### [Your task]
Reproduce all the lines below exactly and omit the images.

### [Information supplied]
[Start of Attachment]
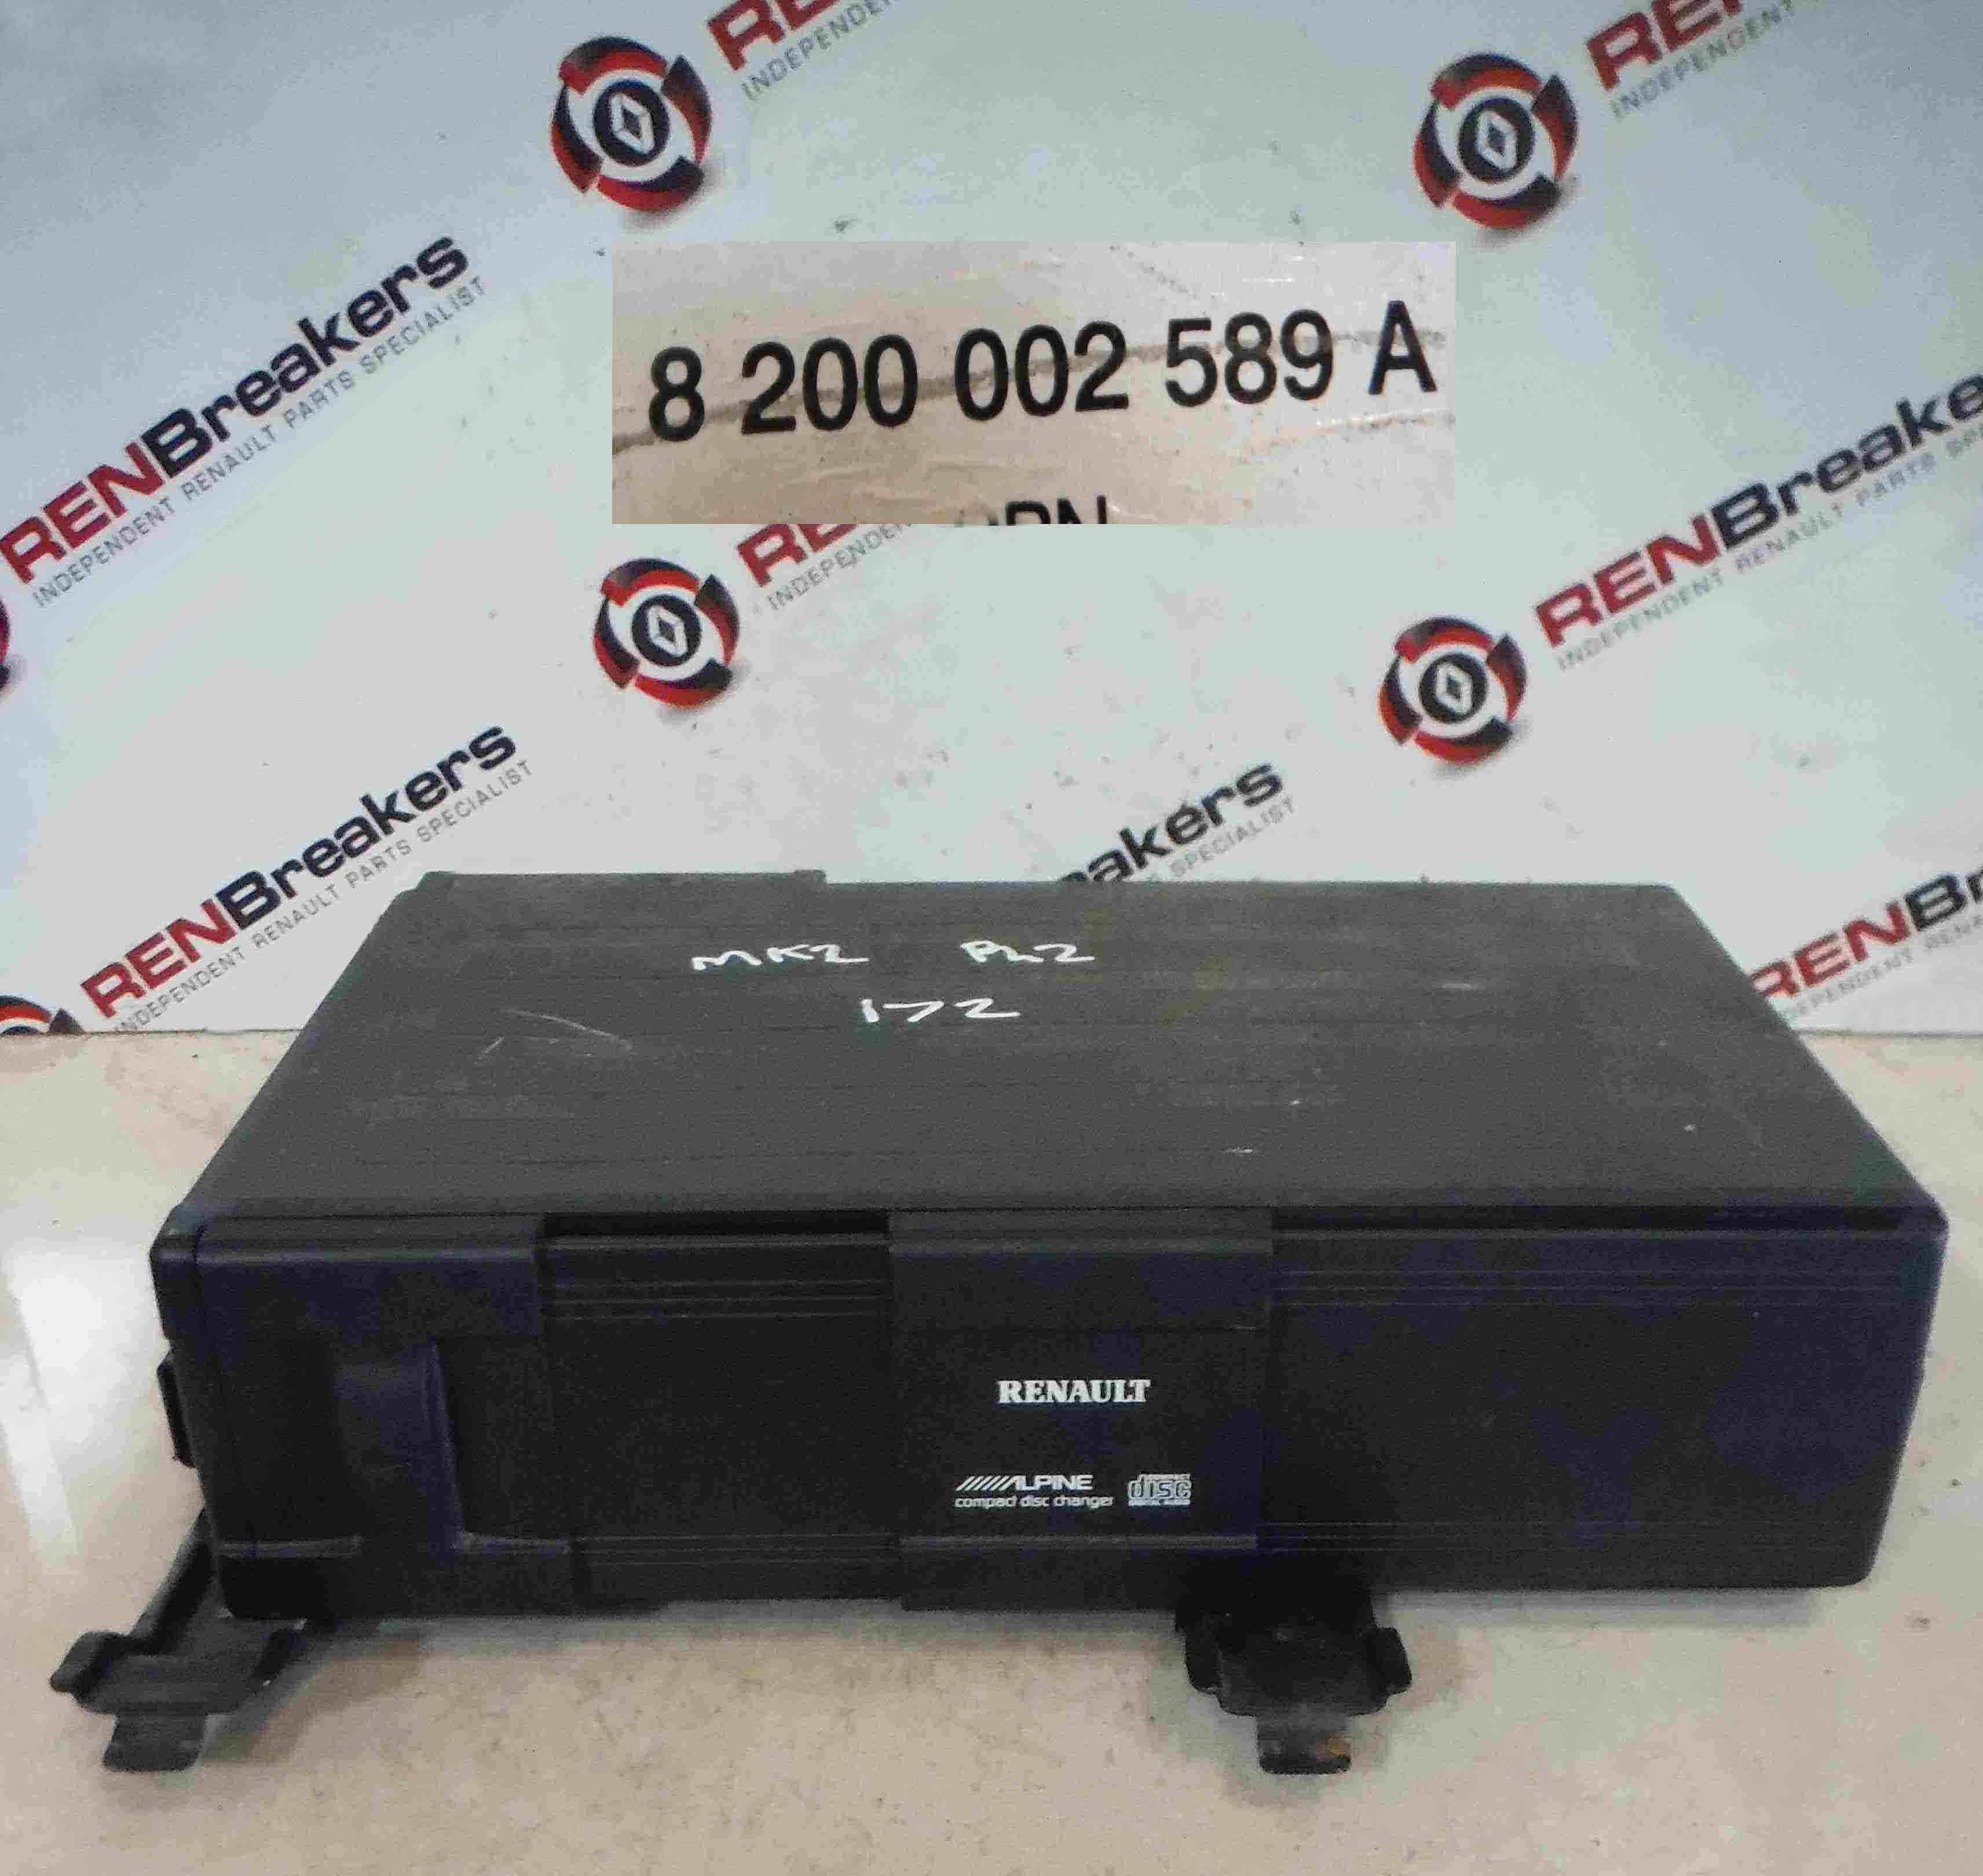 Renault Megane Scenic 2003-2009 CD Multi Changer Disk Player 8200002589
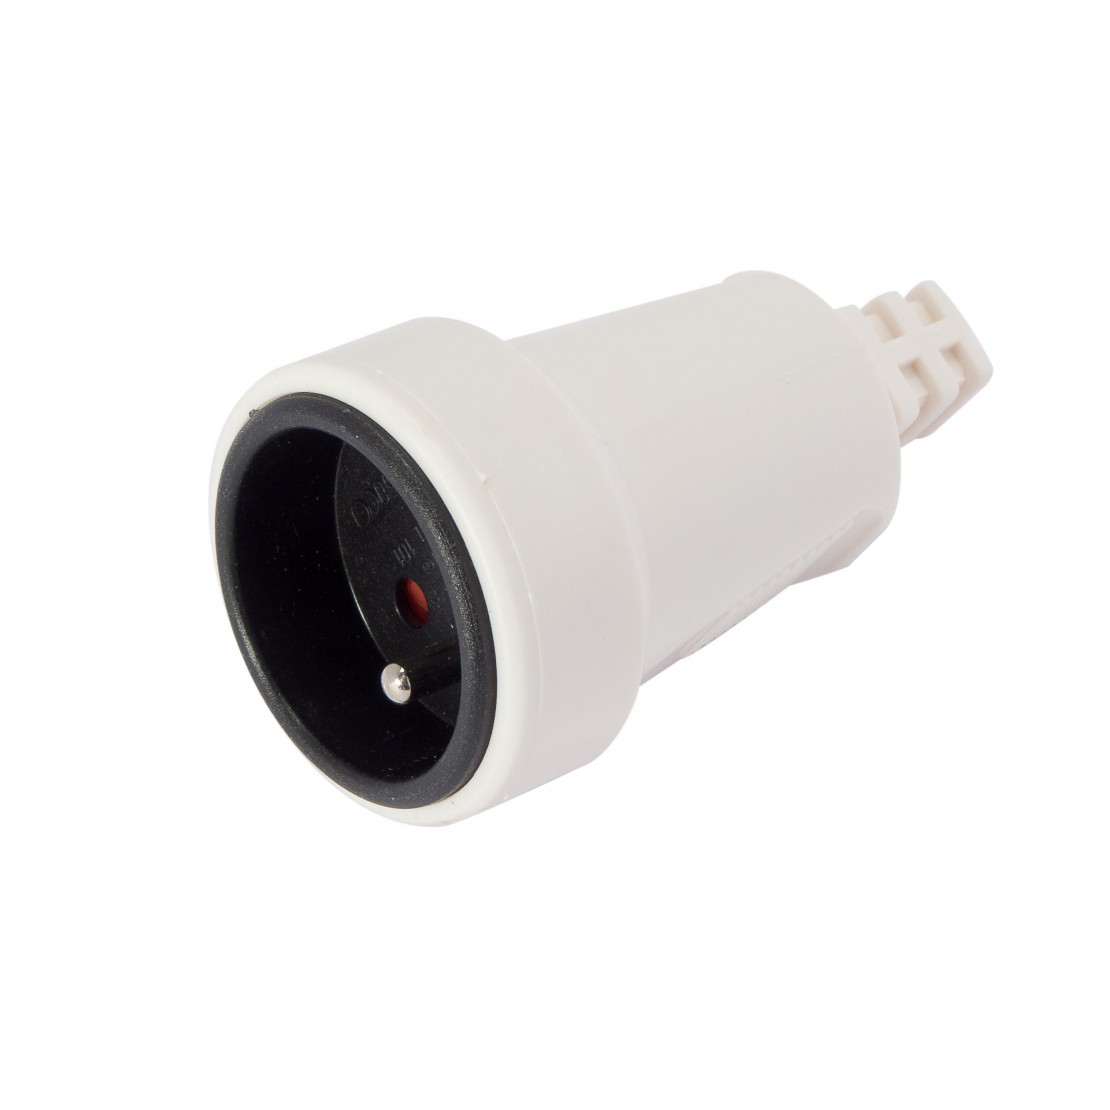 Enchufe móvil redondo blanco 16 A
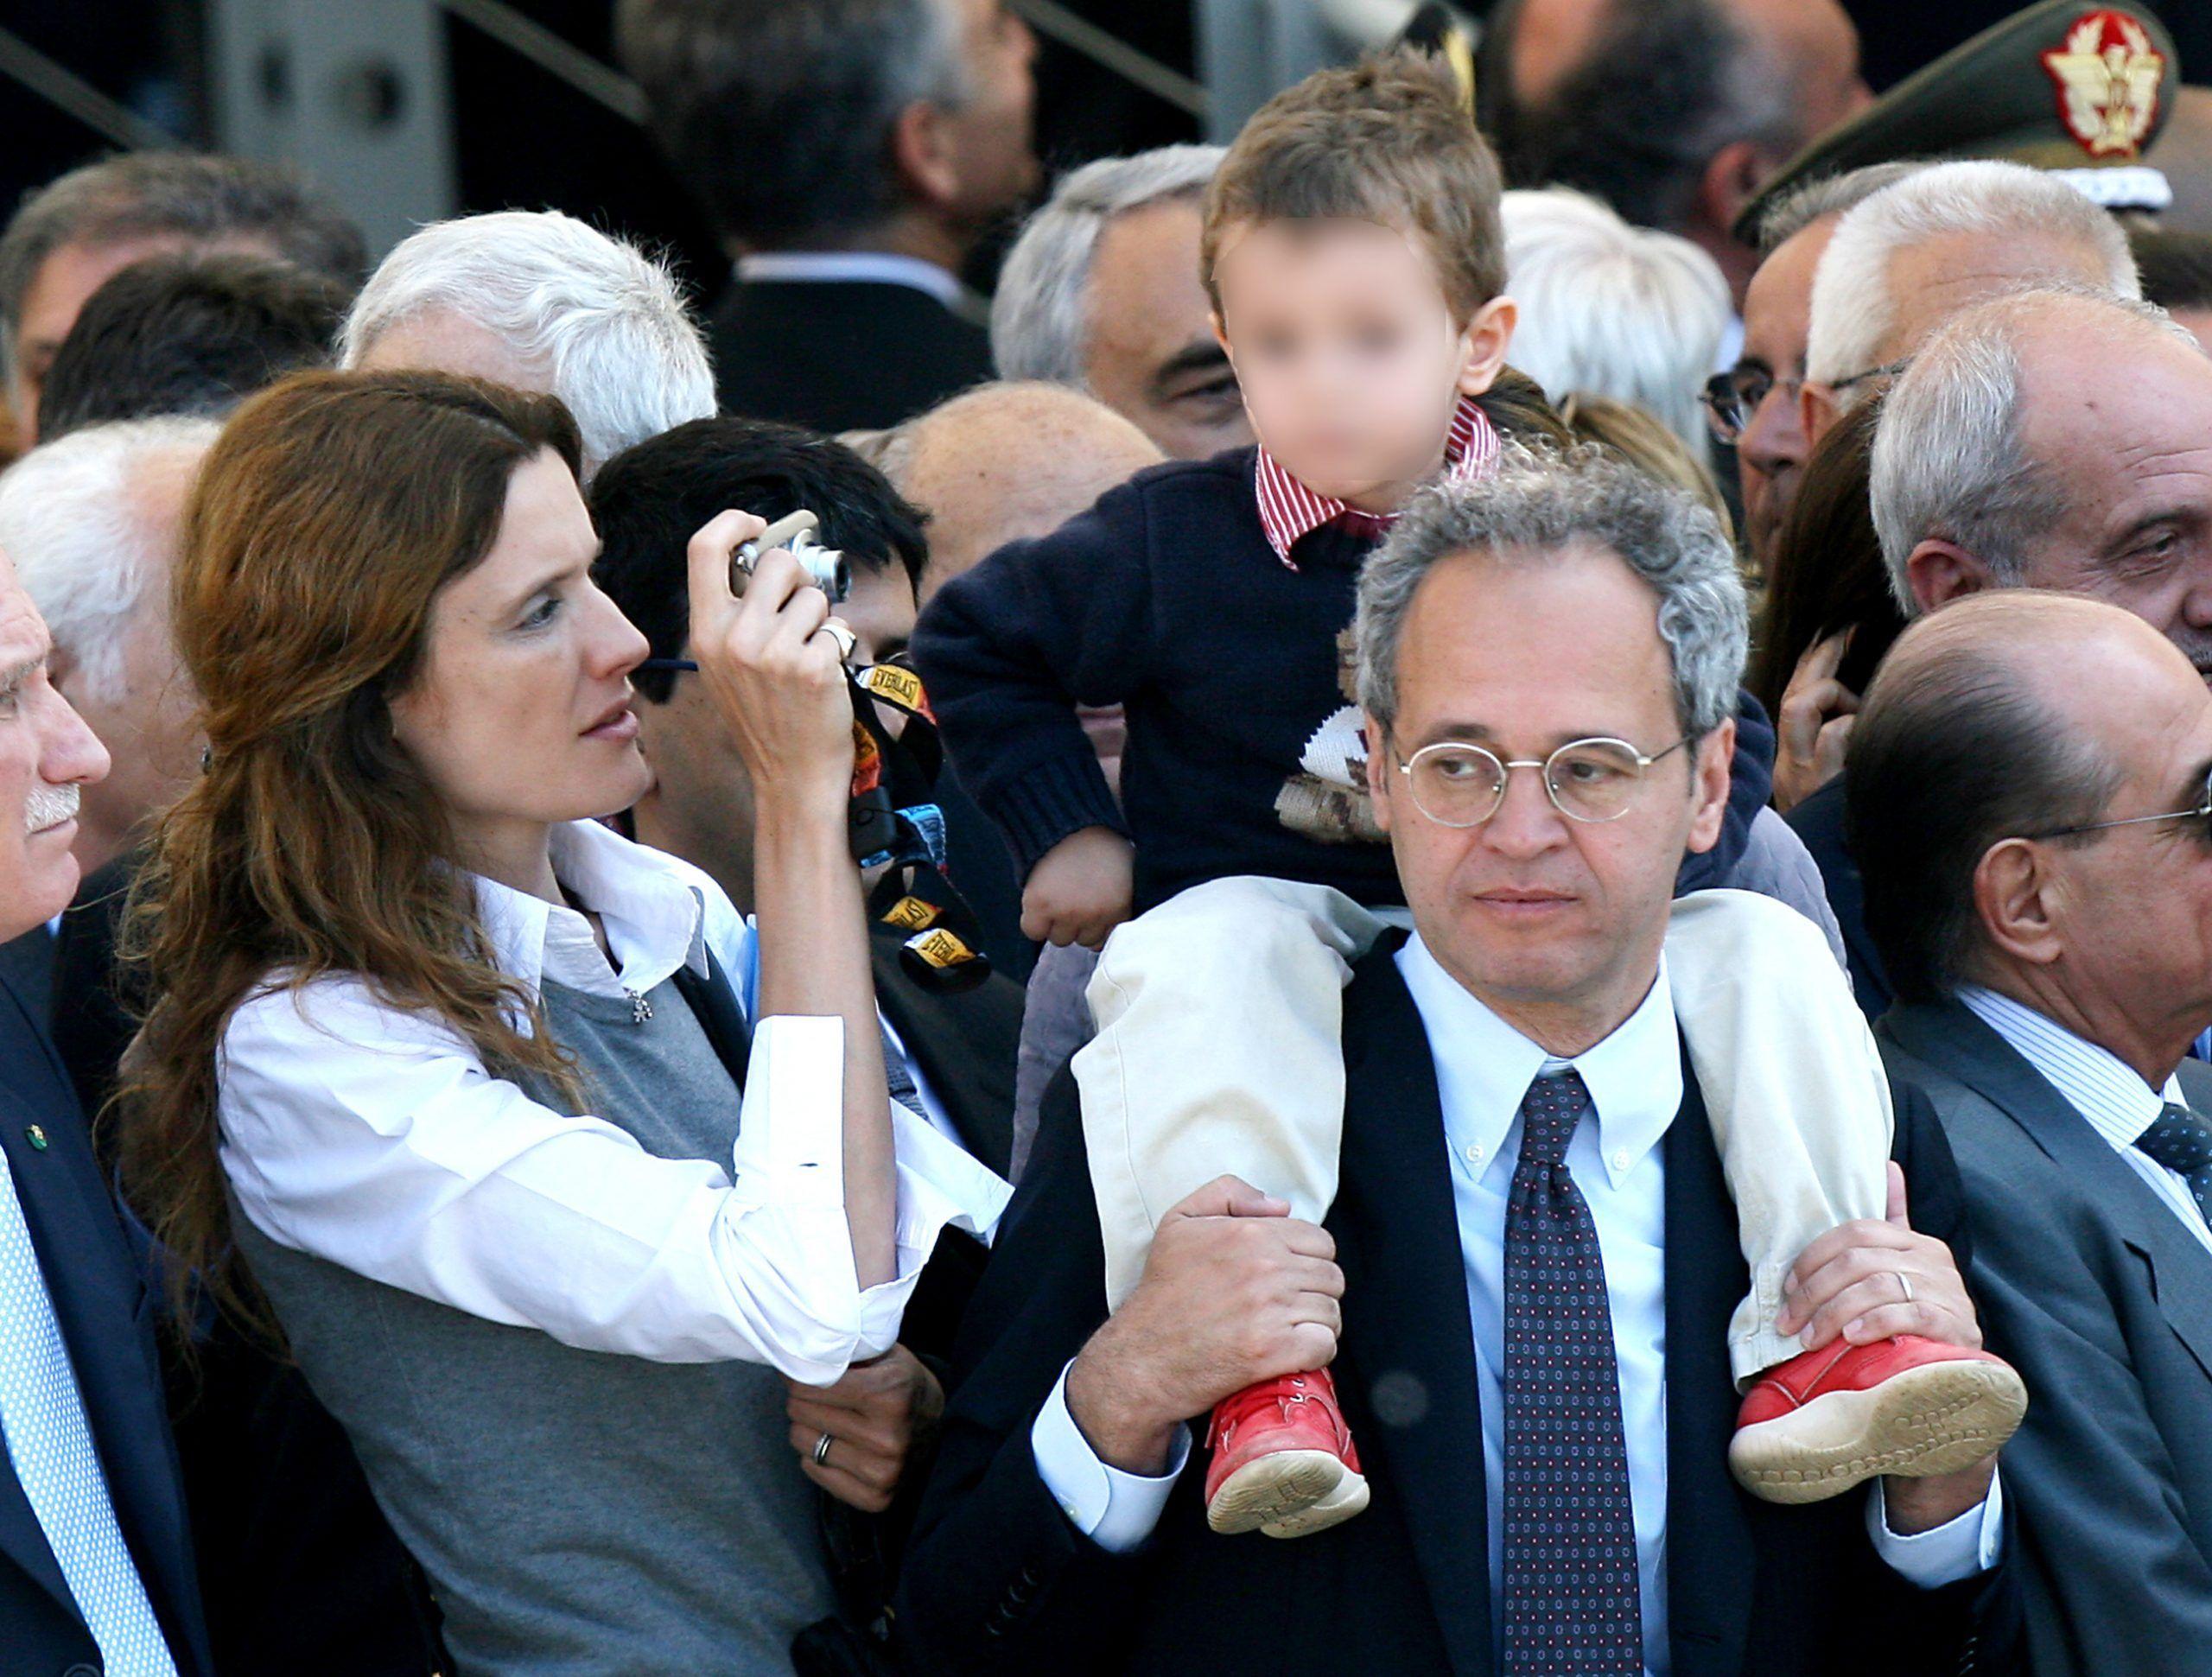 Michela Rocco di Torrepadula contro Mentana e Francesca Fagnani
[End of Attachment]
### [Completed exercise]
 Renault Megane Scenic 2003-2009 CD Multi Changer Disk Player 8200002589
 Enchufe móvil redondo blanco 16 A
 Michela Rocco di Torrepadula contro Mentana e Francesca Fagnani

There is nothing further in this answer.